* Problem statement *
Return only the lines of the listing below that run from the line with "Thames Reach Charity Ltd" through the line with "Cuatro cocineros disputarán", both ends included, exactly as written.

* Data for this exercise *
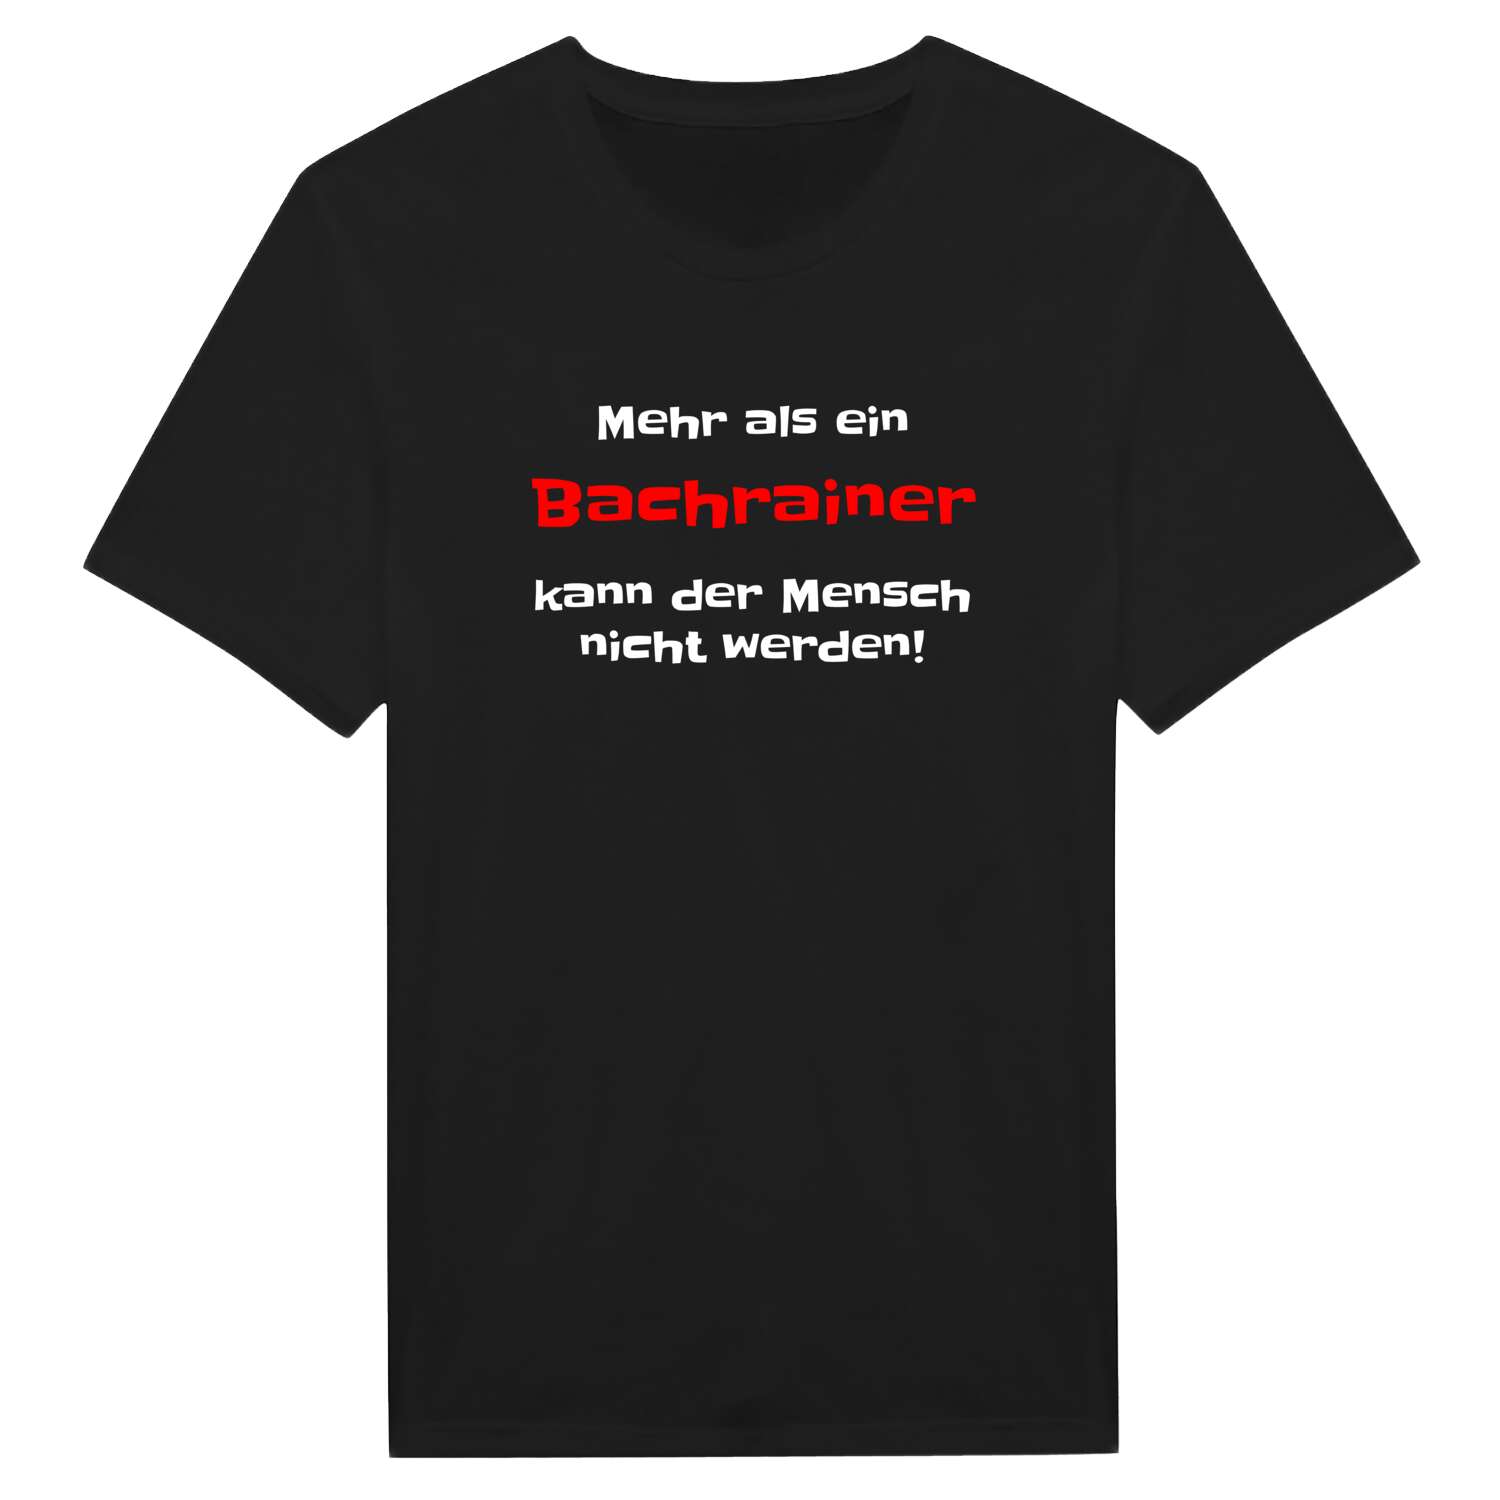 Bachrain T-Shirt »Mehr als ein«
...
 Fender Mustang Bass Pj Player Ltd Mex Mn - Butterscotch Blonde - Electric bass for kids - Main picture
---
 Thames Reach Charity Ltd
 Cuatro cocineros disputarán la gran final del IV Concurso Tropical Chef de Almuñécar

* Result of the exercise *
 Thames Reach Charity Ltd
 Cuatro cocineros disputarán la gran final del IV Concurso Tropical Chef de Almuñécar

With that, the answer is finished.